External Controls cover a broad range, as they include anything that could directly impact the financial compliance of the business. This includes the government who writes the rule which requires compliance, competitors in the market who drive businesses to manage their finances most strictly to stay active, media exposure which can alter the state of a market and thus the access to profits or liabilities that companies can gain, and so on. If other companies or entities influence the way your business handles its money, they are External Controls. External Controls can be checked and balanced by having comprehensive and up to date Internal Controls for Compliance.

Internal Controls VS. External Controls

When debating what to focus on for the sake of accounting compliance, it’s important to note that you can never completely be without one or the other. Internal Controls are down to the things you do, yourself, as a business to manage money. Whether it’s a software suite, a cloud-based solution like SoftLedger or it’s all hand-written and organized the way you like it, that is an Internal Control. It’s the way you deal with tracking the money your business gains and loses. External Controls will always exist, and their actions will cause changes in your company whether you want them to or not. 
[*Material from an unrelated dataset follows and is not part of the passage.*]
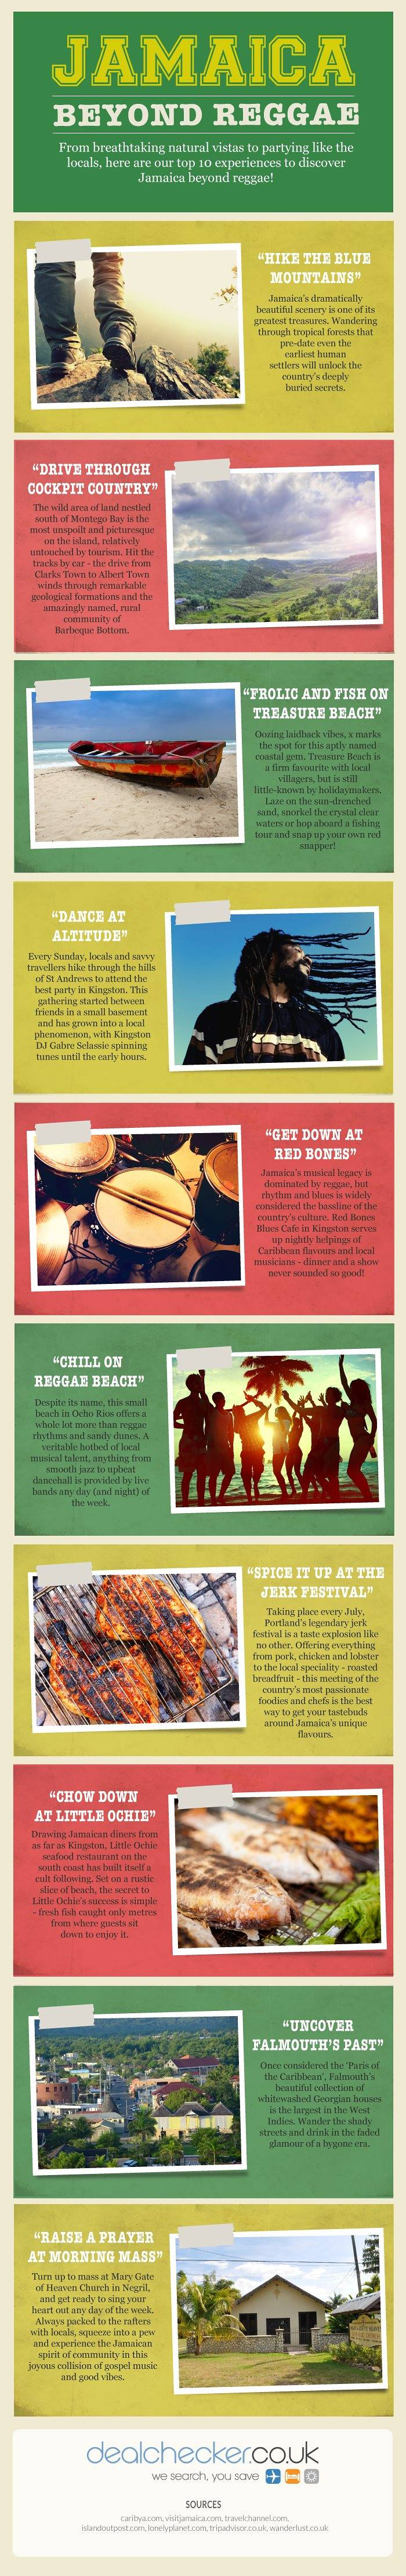 Jamaica Beyond Reggae

Having strong and steady Internal Controls will help keep management high, but that requires time which those will spend away from the business’ main line of work. And, it’s a skill some people don’t have. It could be cheaper in the long run to hire someone in and let them set up an accounting procedure for you. This would be integrating an External Control into an Internal Control, bridging the gap. Or if a company has more to do than just tracking its money and requires active, continuous management, outsourcing the work to another company may be more profitable than hiring and training multiple accountants.

Why Is Accounting Compliance Important? 

There’s no ignoring every External Control out there, especially ones tied to governing bodies. Government at every level can have a say on how your money should be managed. These relate to laws, which is where Compliance becomes crucial. Breaking a law, even by accident, will incur fines which will hurt the business. It’s money lost with no production, and not a business expenditure. Preventing fines and other fees is why Accounting Compliance is so necessary. 

Integrating Accounting Compliance is made easy by widely available software and online solutions. SoftLedger can be a great way to ease Internal Controls into a company with simple to follow controls and covers a huge range of business applications. It’s also cheap enough to afford for long or short-term solutions while still leaving plenty of room open for the business to improve and settle into finding its own way of handling accounts. Compliance is meant to be within reach, with a little work, for every company so they can stay stable and avoid legal troubles. 

Determine which approach works best for your business and what will help it stay compliant in the future. As long as you’re making and spending money, you are Accounting for it, and you need Accounting Controls and Accounting Compliance.